Sales had observably reduced compared to previous years, and I think Novartis is critically looking forward to growing its oncology business segment, in addition to its Entresto medication. Meanwhile, the company was able to maintain its profitability.

For the past five years, Novartis had a sales and profit growth of -0.46% and 12.67%, respectively.

Meanwhile, both Morgan Stanley and Leerink Partners downgraded Novartis’ shares earlier this year. Multiplying its five-year earnings multiple with its trailing earnings would give a value of $50 a share.

In summary, Novartis would be a HOLD.

Notes

  1. Morningstar data.
  2. Annual filing: Novartis paid GSK a fee of $5 million in consideration for the grant of the Influenza Put Option.
  3. Bloomberg: David Epstein, who has spent six years overseeing Novartis’s pharmaceutical business, has been rumored to be a potential candidate to succeed Glaxo CEO Andrew Witty when he leaves next year.
  4. Annual filing: The Surgical portfolio includes technologies and devices for cataract, retinal, glaucoma and refractive surgery, as well as intraocular lenses to treat cataracts and refractive errors, like presbyopia and astigmatism.

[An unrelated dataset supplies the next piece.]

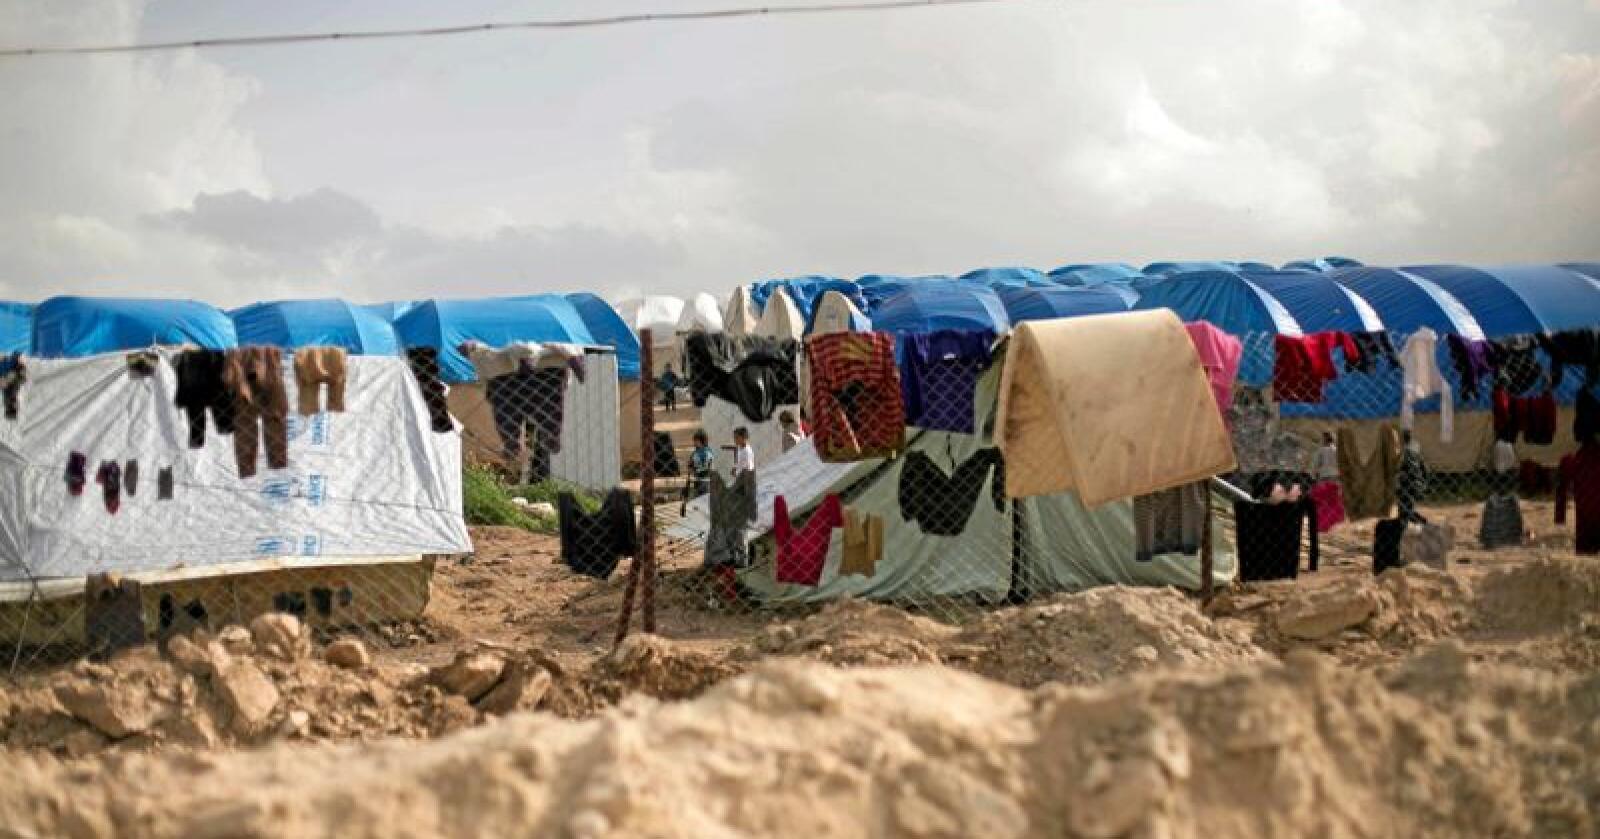 Flyktninger: Barn med norsk statsborgerskap lever under fryktelige forhold i flyktningerleir i Syria. Foto: Maya Alleruzzo/AP/NTB scanpix

Alcon also provides viscoelastics, surgical solutions, surgical packs and other disposable products for cataract and vitreoretinal surgery.

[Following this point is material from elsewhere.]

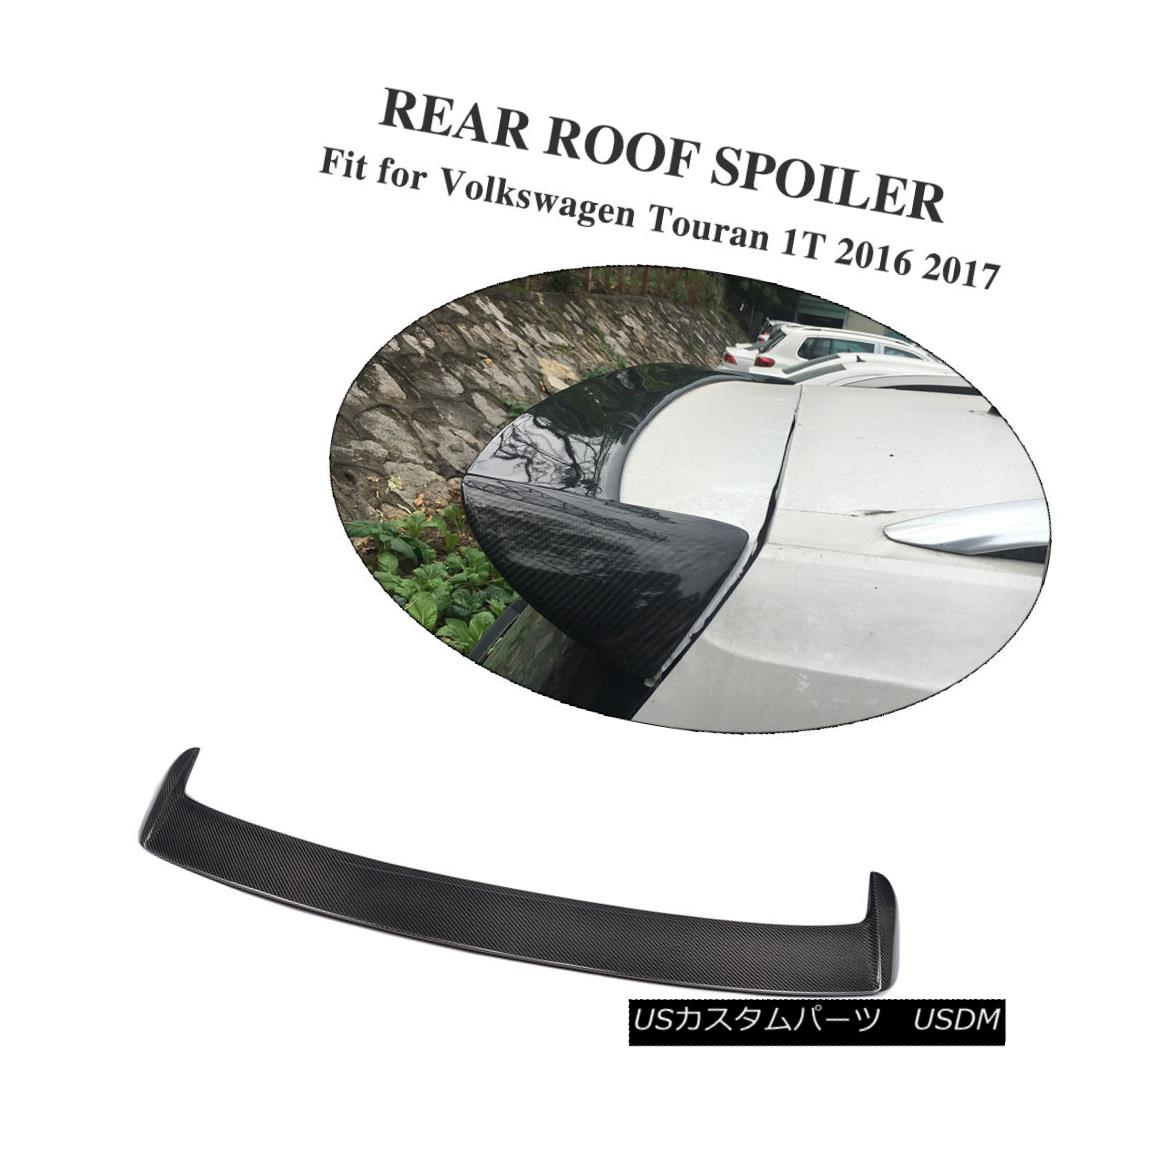 エアロパーツ Auto Rear Roof Spoiler Top Wing Carbon Fiber Fit for Volkswagen Touran 1T 16-17 フォルクスワーゲントゥーラン1T 16-17のための自動リア屋根スポイラートップウィング炭素繊維のフィット

Ophthalmic Pharmaceuticals portfolio includes treatment options for elevated intraocular pressure caused by glaucoma, anti-infectives to aid in the treatment of bacterial infections and bacterial conjunctivitis, and ophthalmic solutions to treat inflammation and pain associated with ocular surgery, as well as an intravitreal injection for vitreomacular traction including macular hole.

Ophthalmic Pharmaceuticals portfolio also includes eye and nasal allergy treatments, as well as over-the-counter dry eye relief and ocular vitamins.

The Vision Care portfolio comprises daily disposable, monthly replacement and color-enhancing contact lenses, as well as a complete line of contact lens care products including multi-purpose and hydrogen-peroxide based solutions, rewetting drops and daily protein removers.

5. As per Wall Street Journal.

6. Annual Filing: Retail Generics franchise develops, manufactures and markets active ingredients and finished dosage forms of pharmaceuticals to third parties. Retail Generics includes the areas of dermatology, respiratory and ophthalmics, as well as the areas of cardiovascular, metabolism, central nervous system, pain, gastrointestinal, and hormonal therapies. Finished dosage form anti-infectives sold to third parties are also part of Retail Generics.

Anti-Infectives supplies generic antibiotics to a broad range of customers, as well as active pharmaceutical ingredients and intermediates to the pharmaceutical industry worldwide.

Biopharmaceuticals franchise develops, manufactures and markets protein or other biotechnology based products known as biosimilars and provides biotechnology manufacturing services to other companies.

Oncology Injectables franchise develops, manufactures and markets cytotoxic products for the hospital market.

7. GuruFocus data.

8. GuruFocus data.

Disclosure: I do not own shares in any of the companies mentioned in this article.